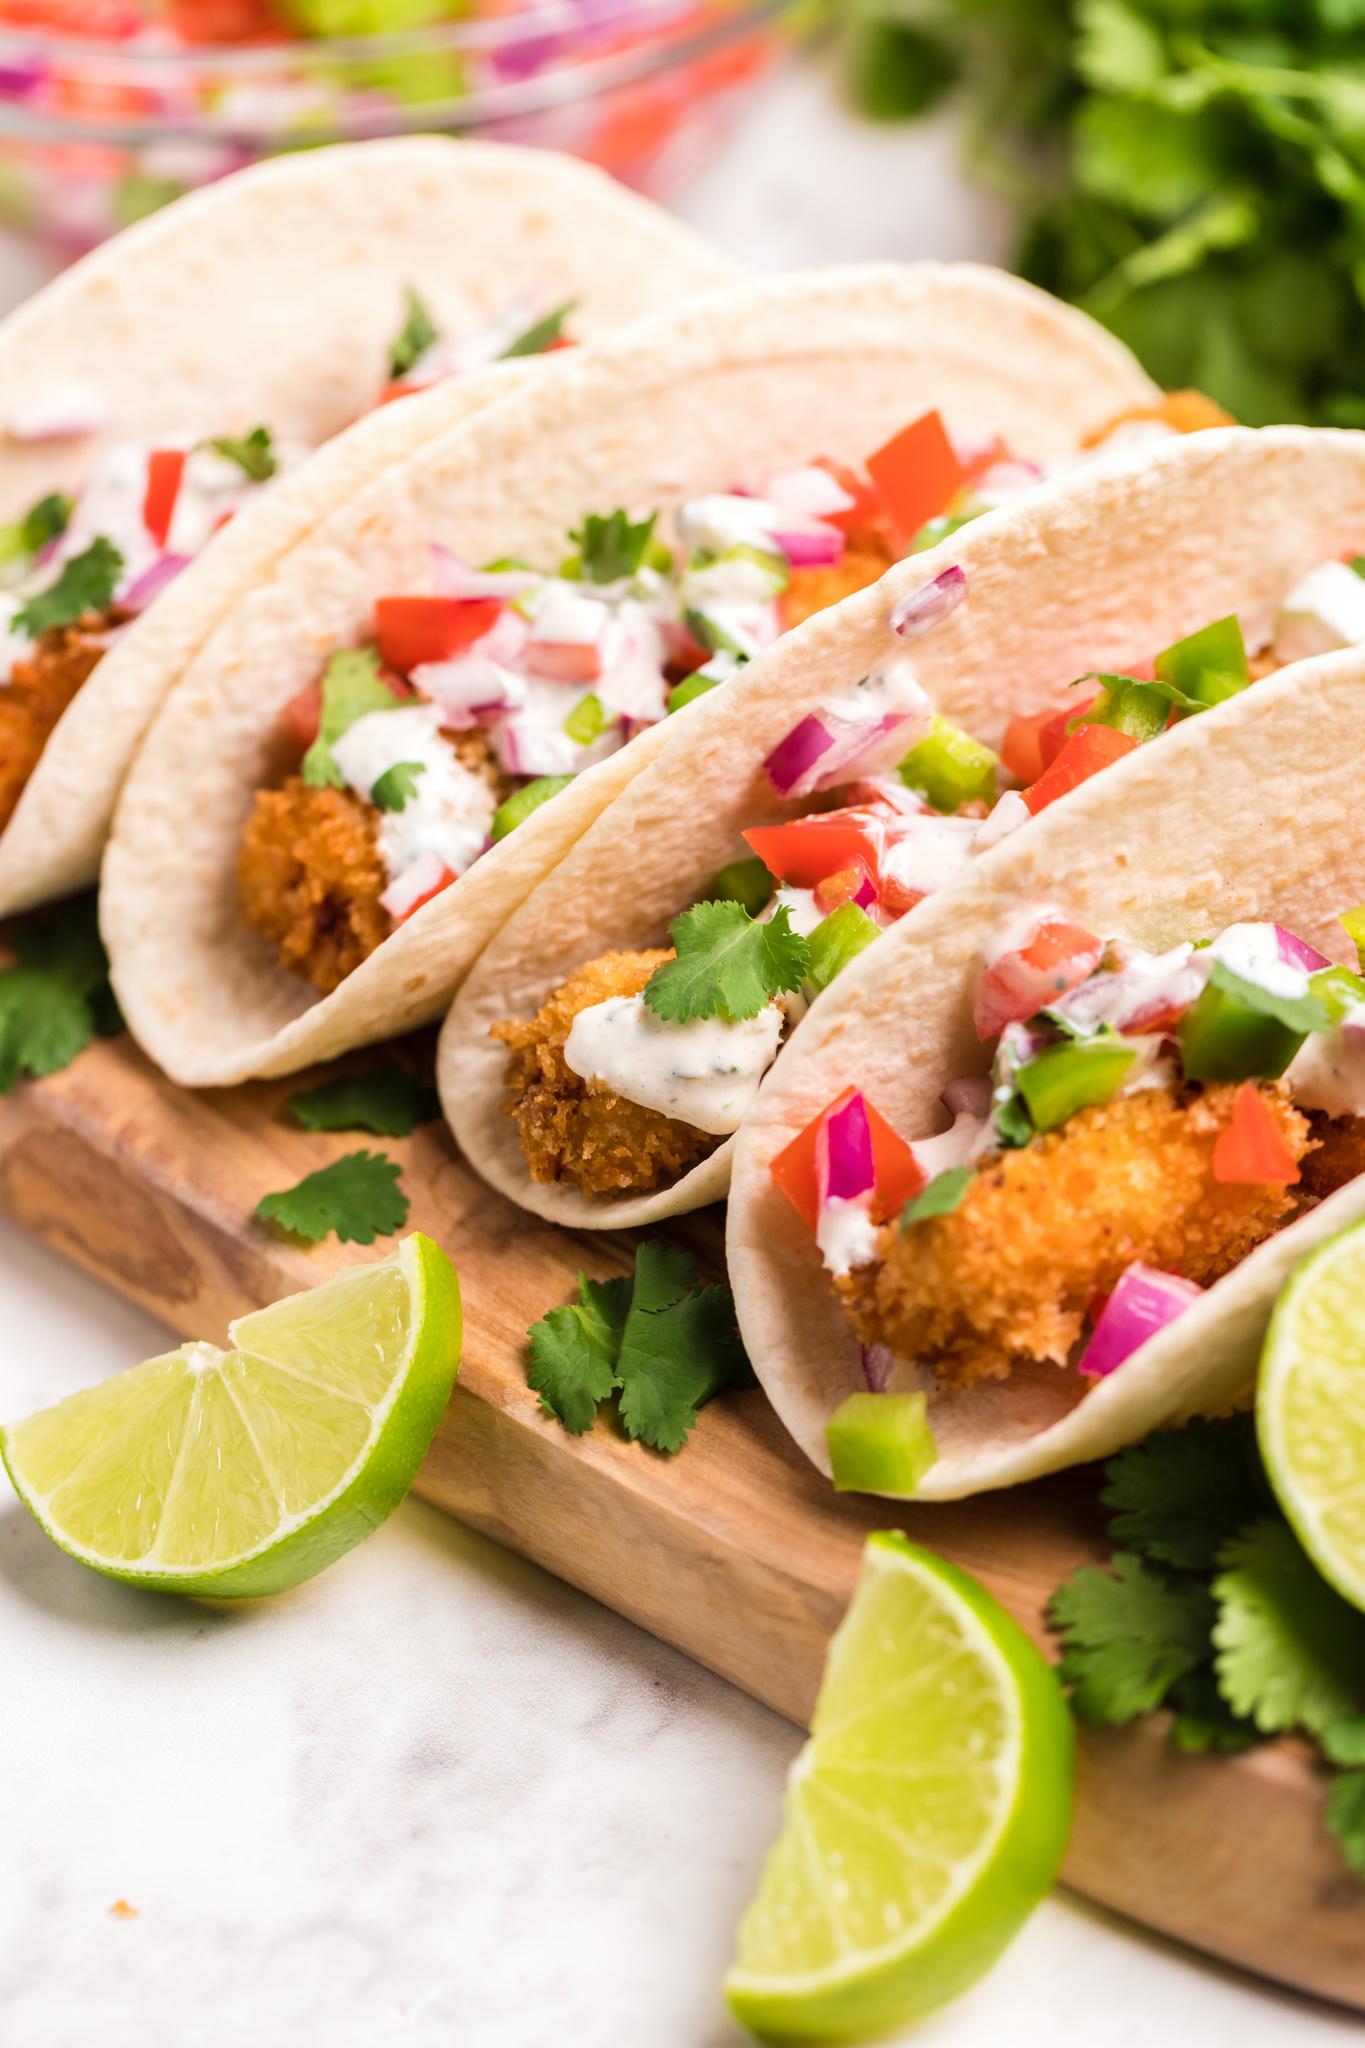 Tilapia Fish Taco Recipe in taco shells.
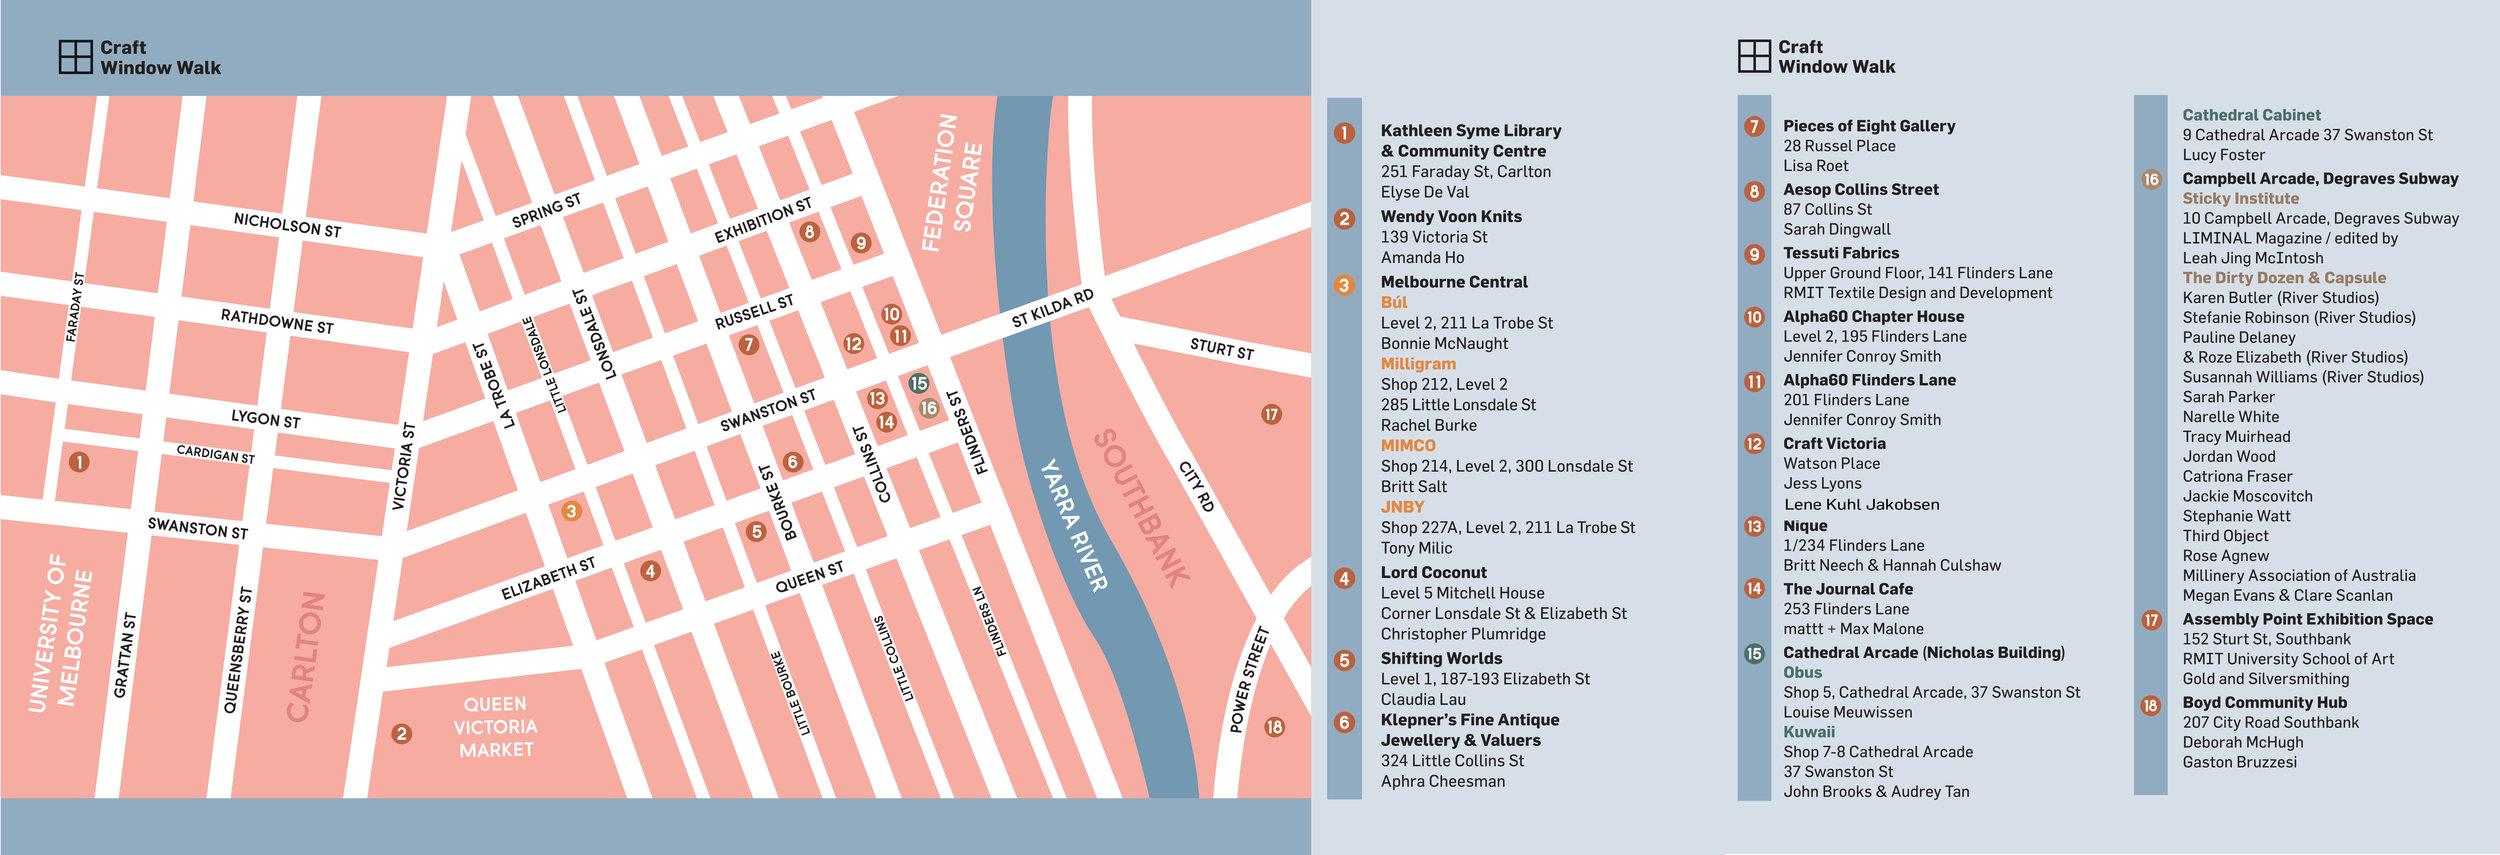 Craft_Cubed_Windowwalk map 2019.jpg
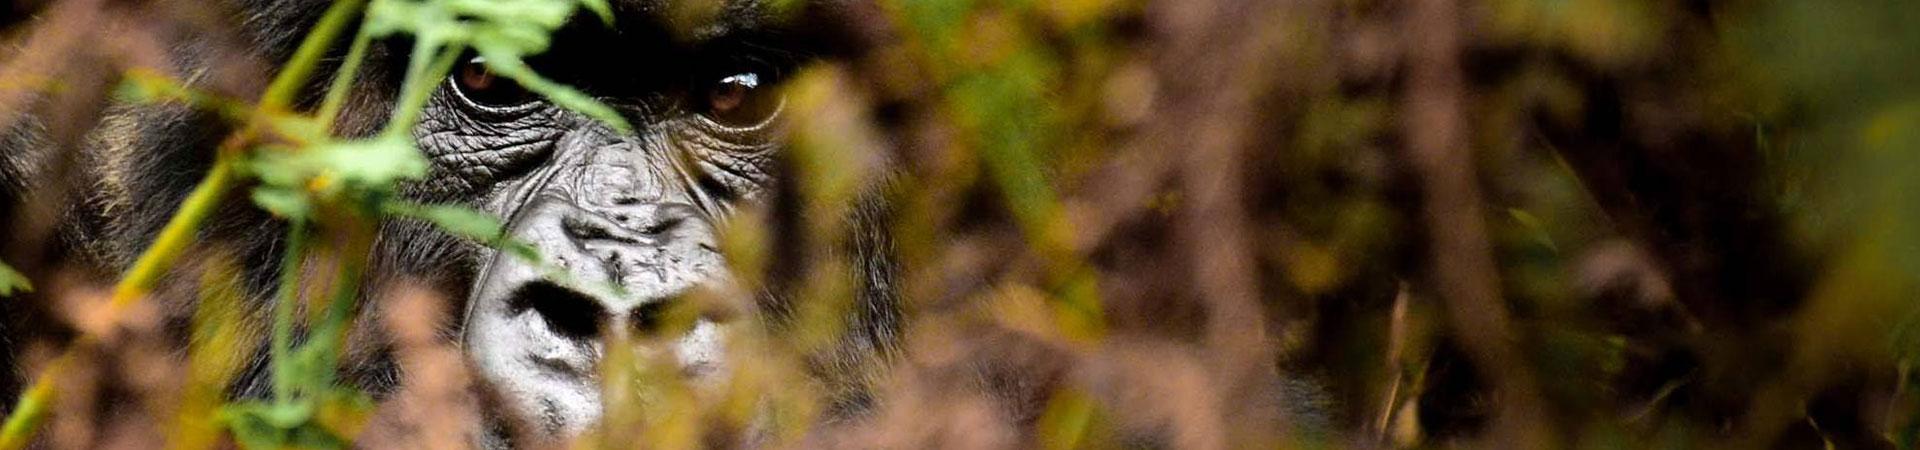 3-Day-Rwanda-Gorilla-Trekking
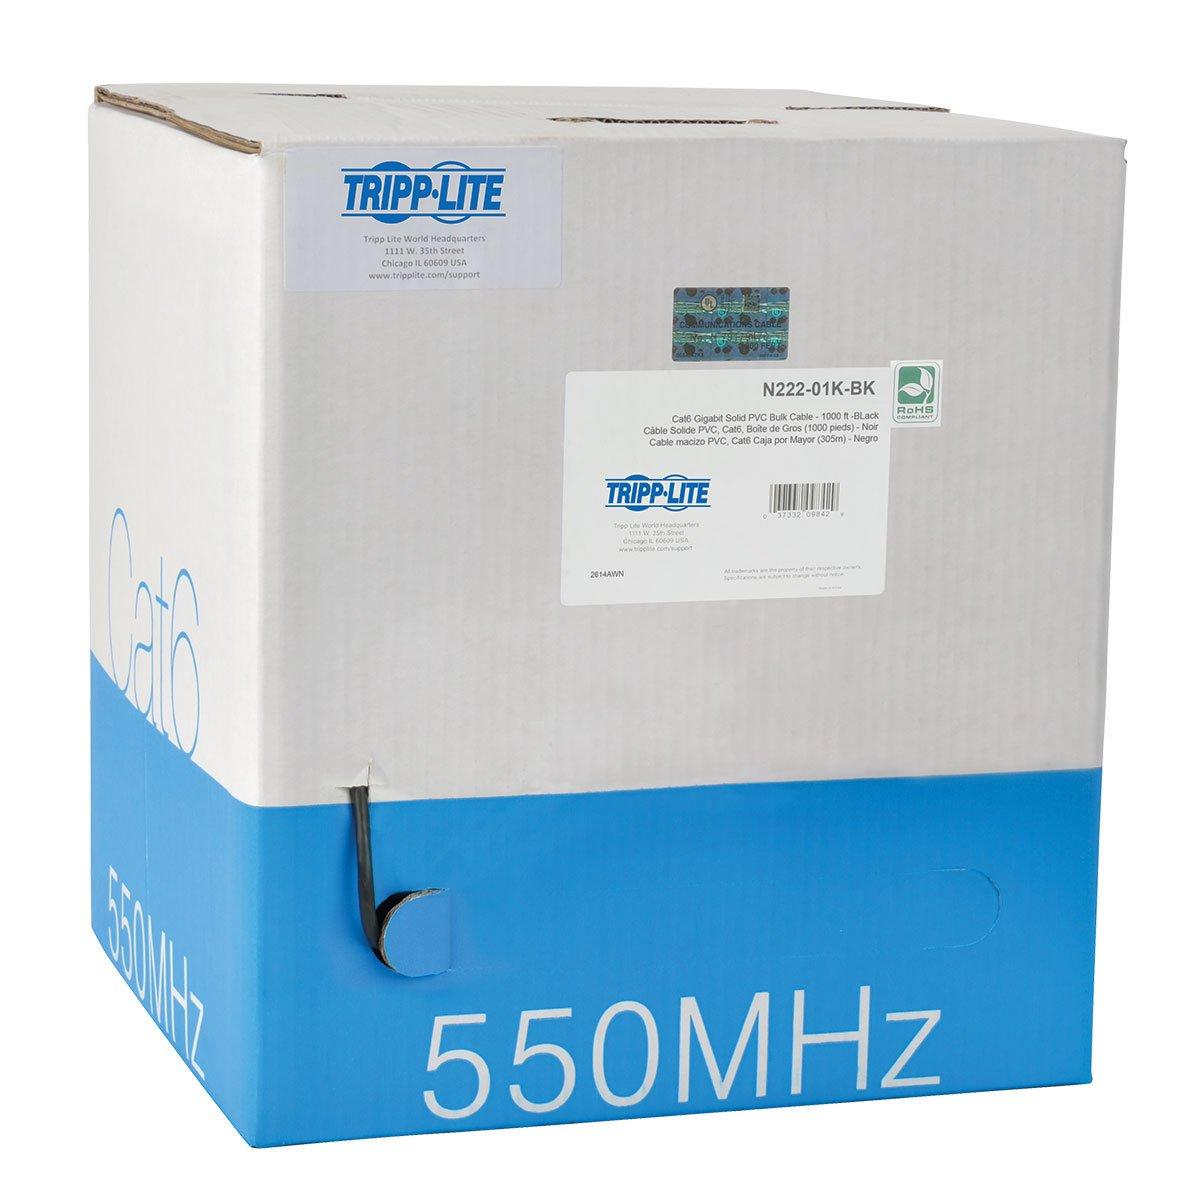 TRIPP LITE Cat6 Bulk Solid-Core Cable, CMR-Rated PVC, Gigabit, Black, 1000' (N222-01K-BK)

•••

» What the exercise asks: Give all the lines above again, character for character, without pictures.

» Written answer:
 Tilapia Fish Taco Recipe in taco shells.
 Craft_Cubed_Windowwalk map 2019.jpg
 3-Day-Rwanda-Gorilla-Trekking
 TRIPP LITE Cat6 Bulk Solid-Core Cable, CMR-Rated PVC, Gigabit, Black, 1000' (N222-01K-BK)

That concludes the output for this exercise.